### [WORK INSTRUCTIONS]
A faithful copy is required: transcribe each line below exactly, minus the pictures.

### [RECORDED INFORMATION]
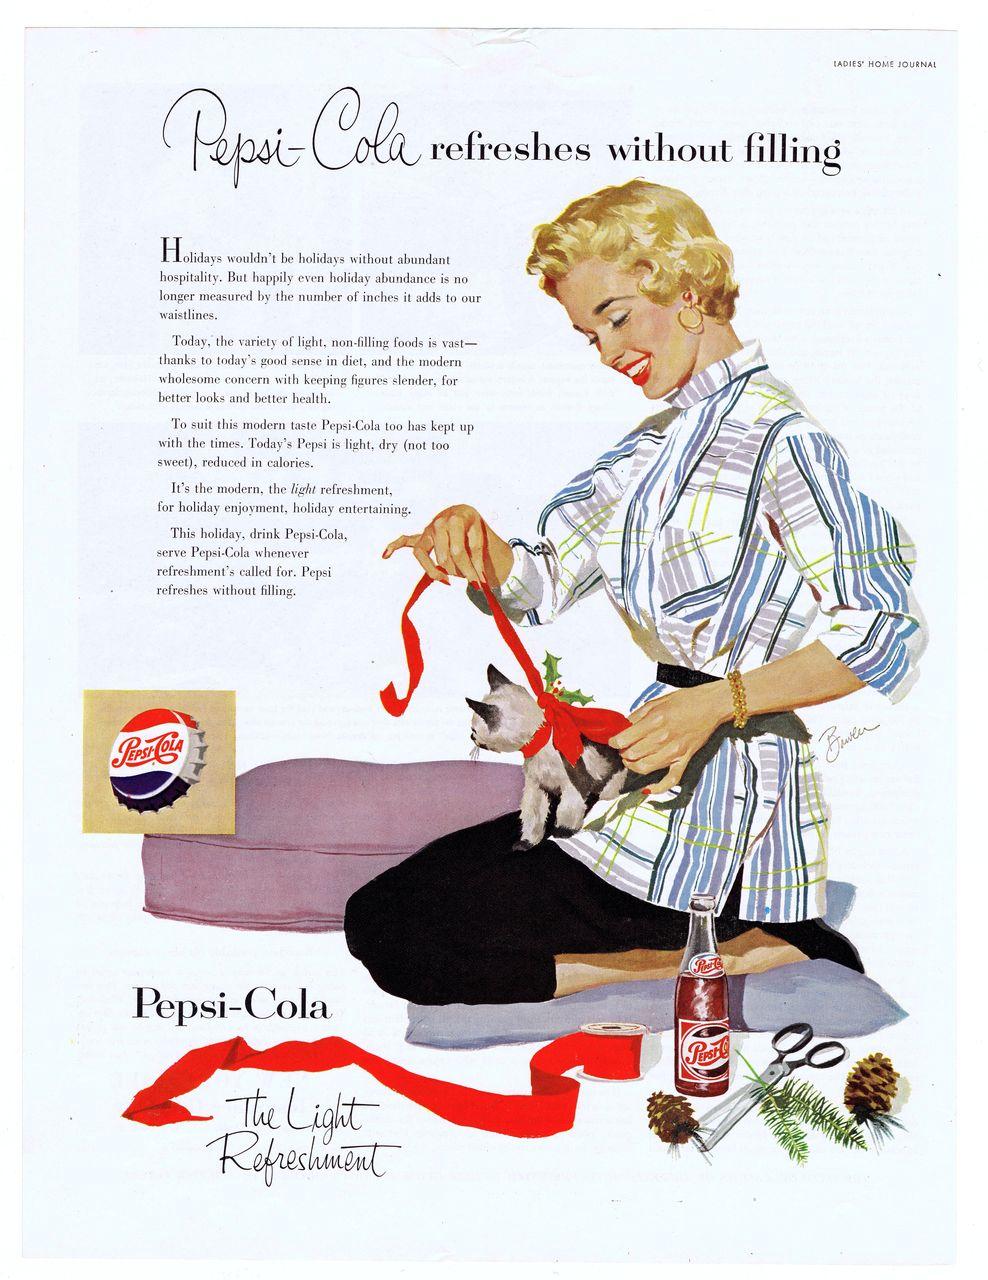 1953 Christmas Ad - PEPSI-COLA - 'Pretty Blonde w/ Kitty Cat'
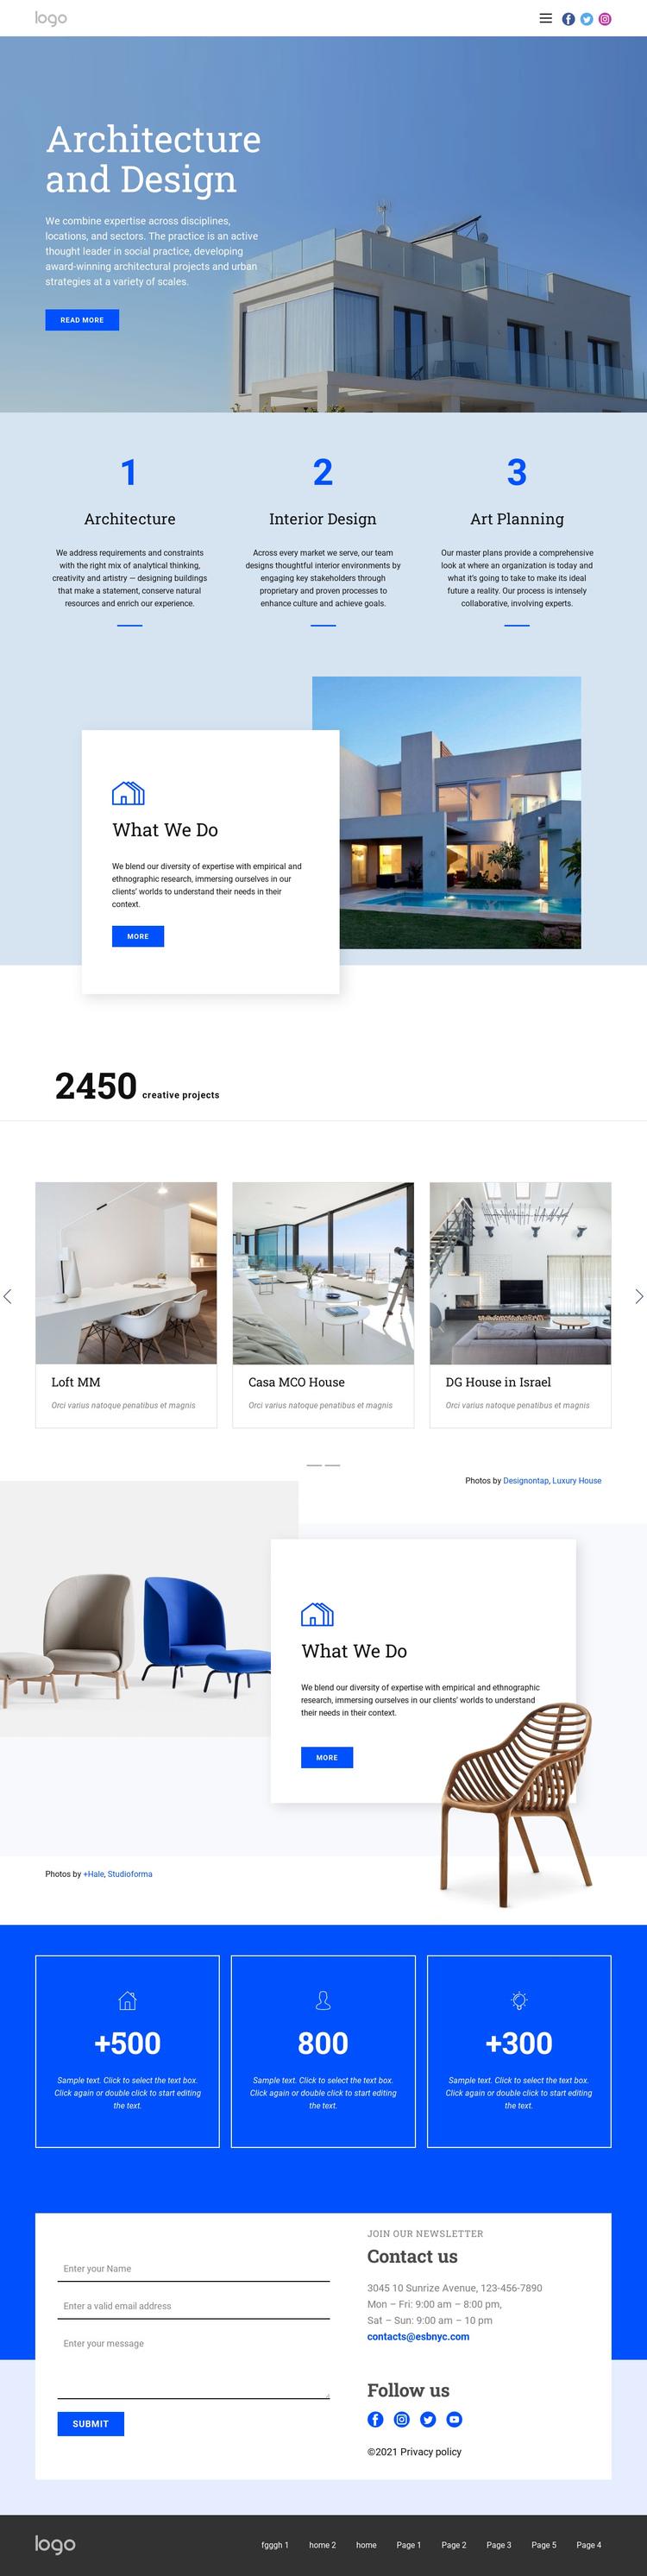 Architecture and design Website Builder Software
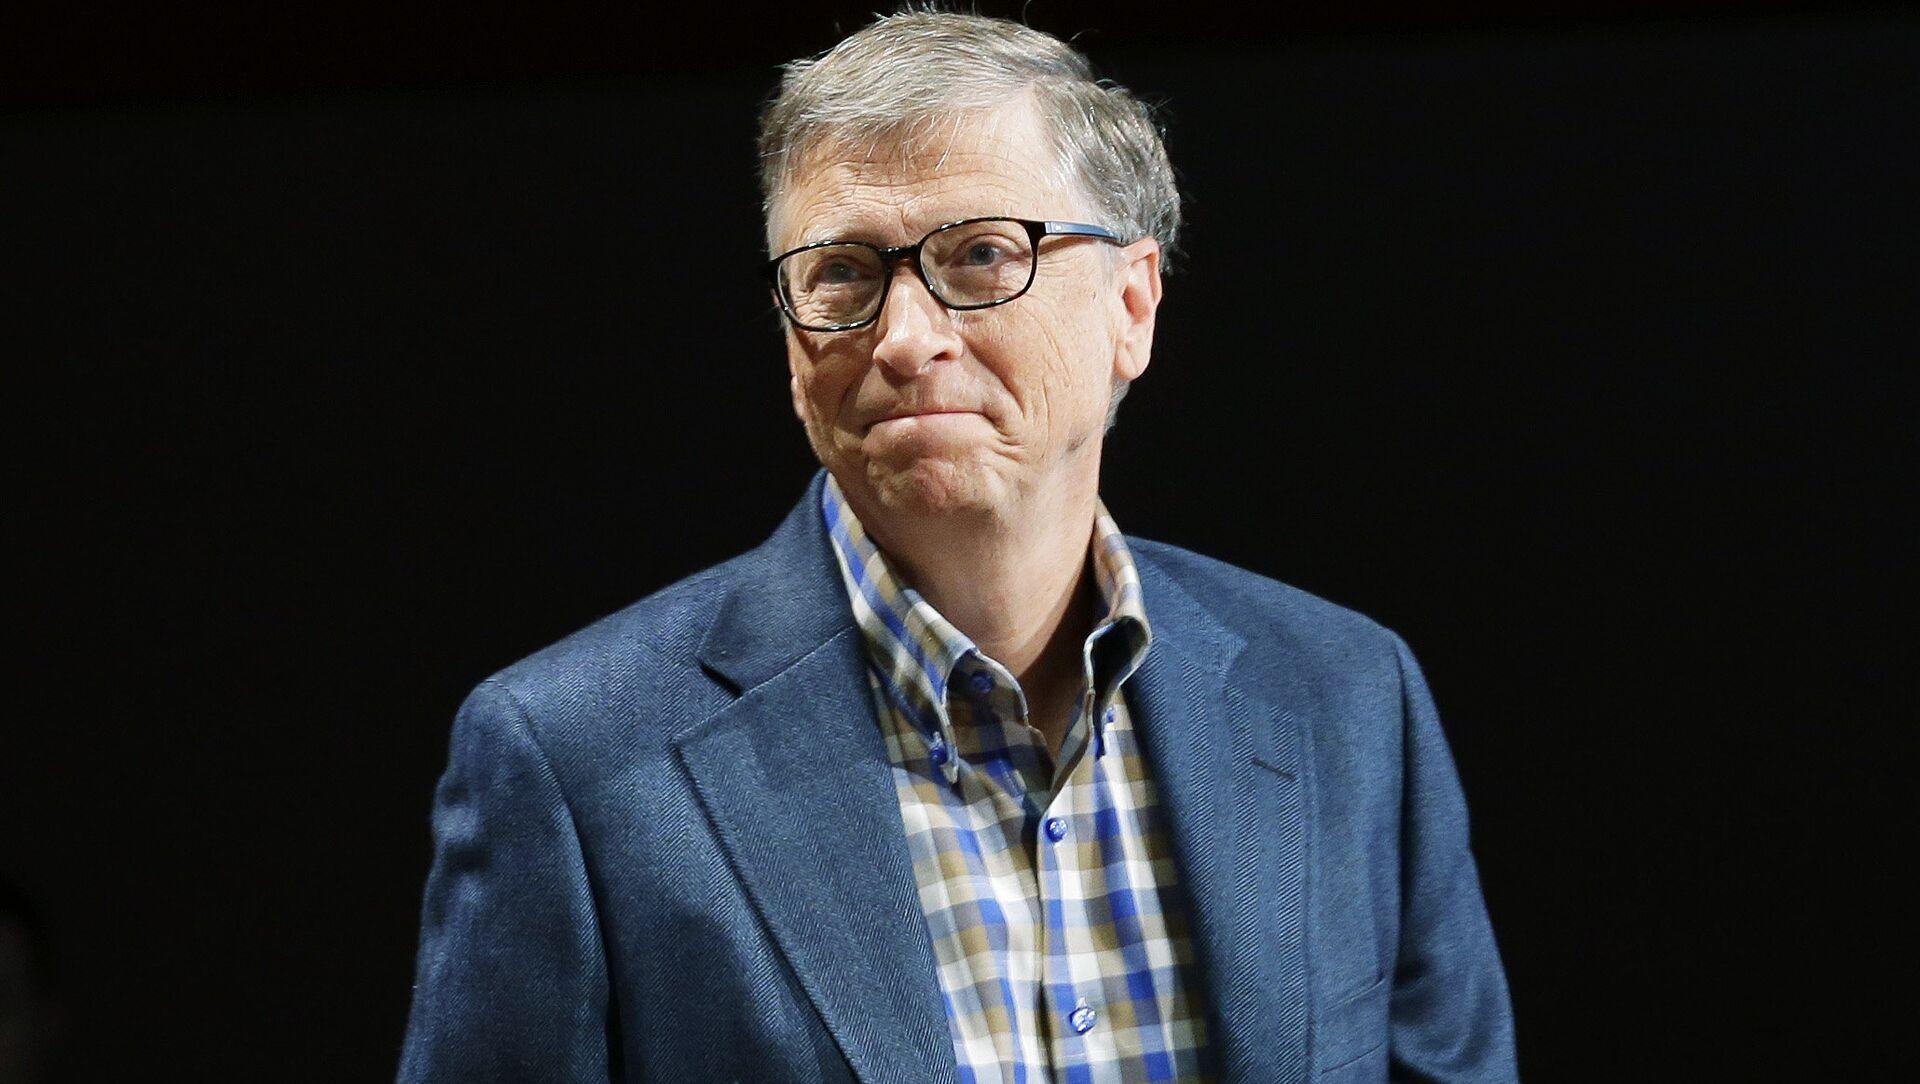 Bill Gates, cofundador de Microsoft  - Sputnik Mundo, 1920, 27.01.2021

### [FINISHED EXERCISE]
 1953 Christmas Ad - PEPSI-COLA - 'Pretty Blonde w/ Kitty Cat'
 Architecture and design Website Builder Software
 Bill Gates, cofundador de Microsoft  - Sputnik Mundo, 1920, 27.01.2021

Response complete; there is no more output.